Israel has intensified its military operations in the city, where fifty people were killed on Friday, according to Gaza’s civil defense.
That same evening, Germany, France, and the United Kingdom issued a joint call for “an immediate halt to Israeli military operations in Gaza City, which are causing mass displacement of civilians, mounting casualties, and the destruction of vital infrastructure.”
In New York, nearly two years after the outbreak of war between Israel and Hamas, the UN General Assembly adopted by a large majority the “New York Declaration,” designed to revive the two-state solution, while explicitly excluding Hamas for the first time.
Israel condemned the decision as “shameful,” claiming it encouraged the continuation of the conflict.
The Israeli military meanwhile announced it was continuing “a broad assault on terrorist infrastructure and towers converted into military sites in Gaza City,” as part of its campaign of high-rise demolitions launched the previous week.
According to Gaza’s civil defense, a strike on a residential building in the city’s northwest killed fourteen people, mostly women and children. Journalist Hazem al-Sultan, who lost relatives in the attack, said: “Fourteen bodies were recovered, most of them children and women. Two were intact, the rest were in pieces.”
The UN has repeatedly warned of a “catastrophe” should Israel proceed with its plan, approved last August, to fully seize Gaza City, where about one million people still reside in the city and its surroundings.
Humanitarian organizations have condemned the renewed push to force northern Gaza residents southward.

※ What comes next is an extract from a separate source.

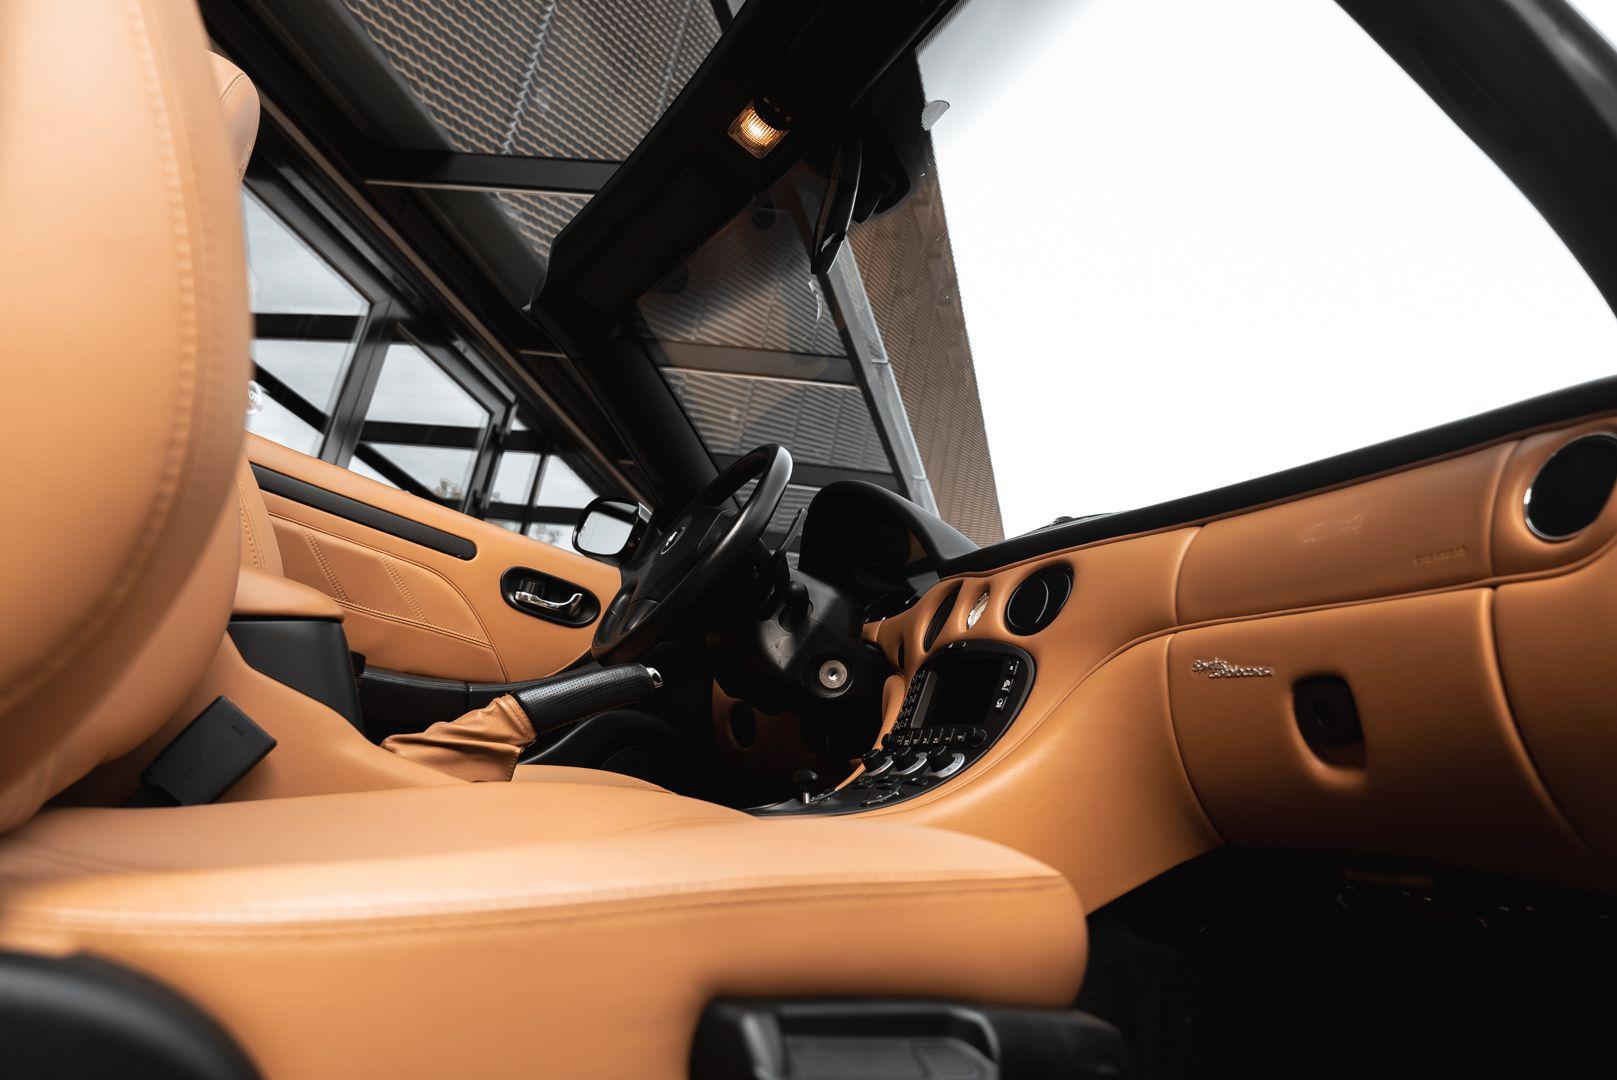 2003 Maserati Spyder 4.2 Cambiocorsa 82959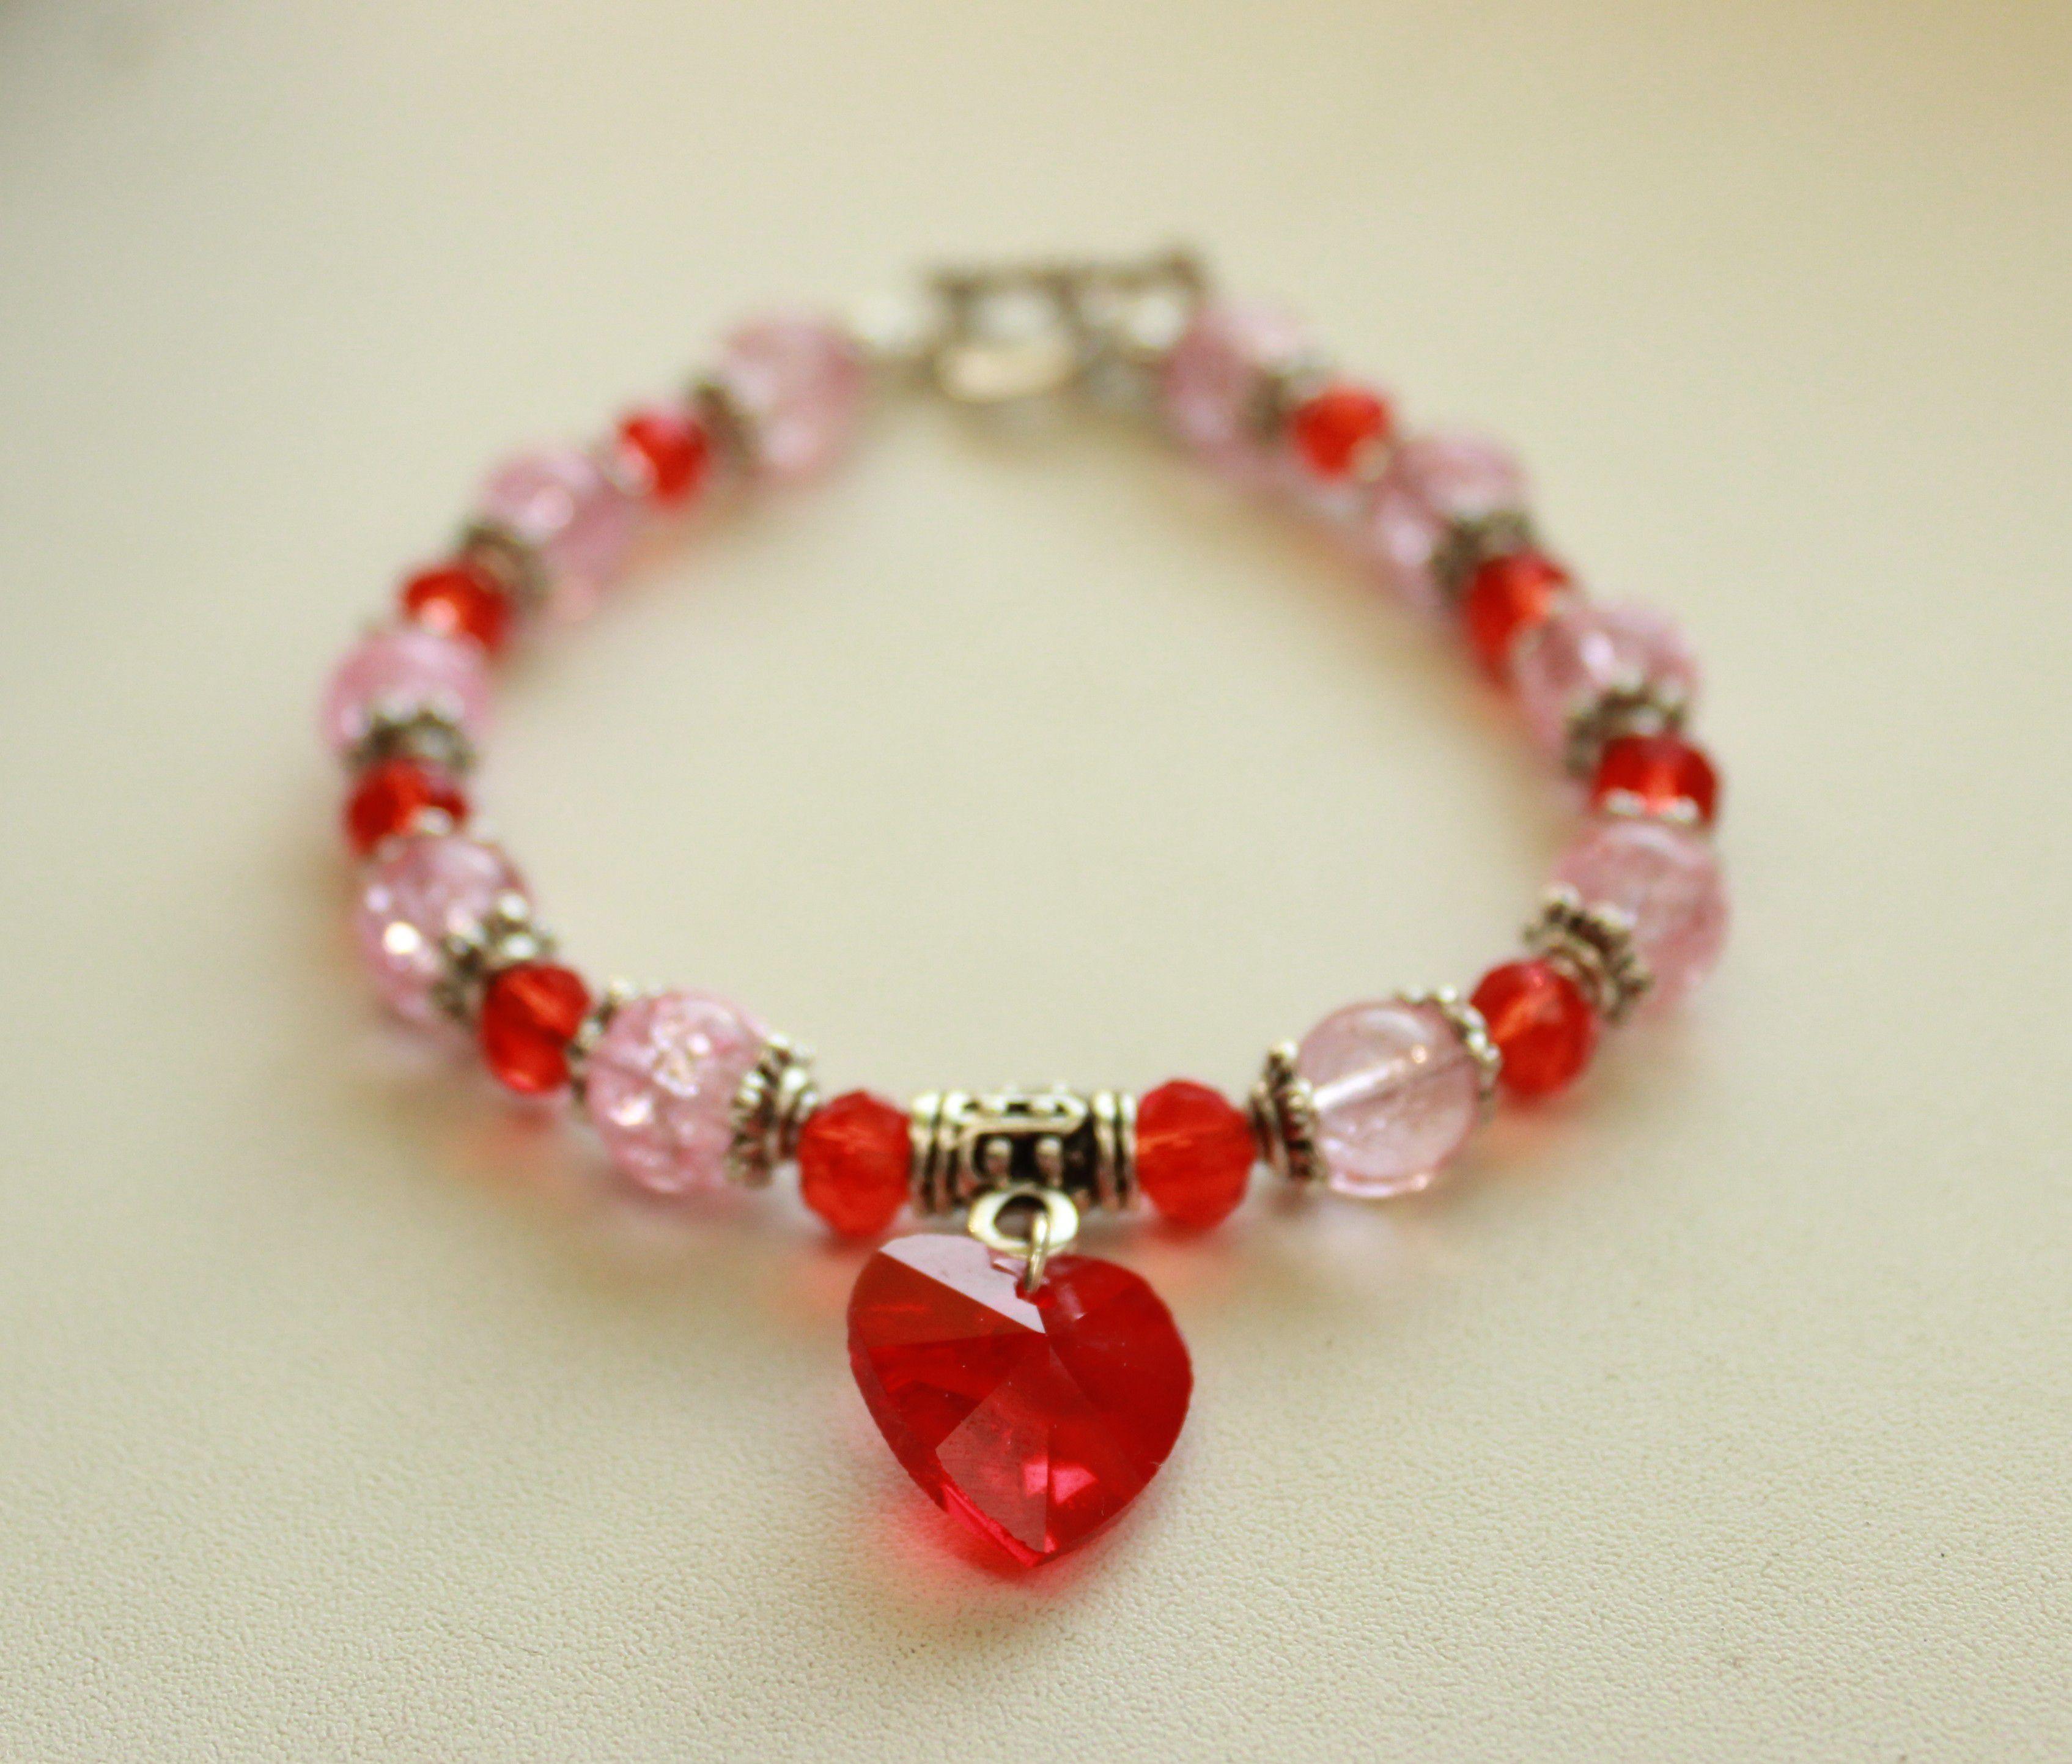 бусина нежный романтичный украшение браслет сердце бижутерия розовый яркий красный стекло

Prospects for a ceasefire or a hostage deal appear more remote than ever, particularly after Tuesday’s Israeli strike in Doha that targeted a Hamas leadership meeting.
On Friday evening, Hamas confirmed that its chief negotiator Khalil al-Hayya had survived the strike and attended the funeral of his son, who was among those killed.
The Forum of Hostages’ Families accused Prime Minister Benjamin Netanyahu of “recklessly endangering their loved ones and Israeli soldiers, without any clear objective or strategic purpose.”
According to official data compiled by Agence France-Presse, Hamas’s October 2023 assault killed 1,219 people in Israel, most of them civilians. Israel’s subsequent military operations in Gaza have killed at least 64,756 people, the majority women and children, according to the Hamas-run Health Ministry.
The Israeli army maintains that 47 hostages remain in Gaza, including 25 confirmed dead, out of the 251 abducted during the attack.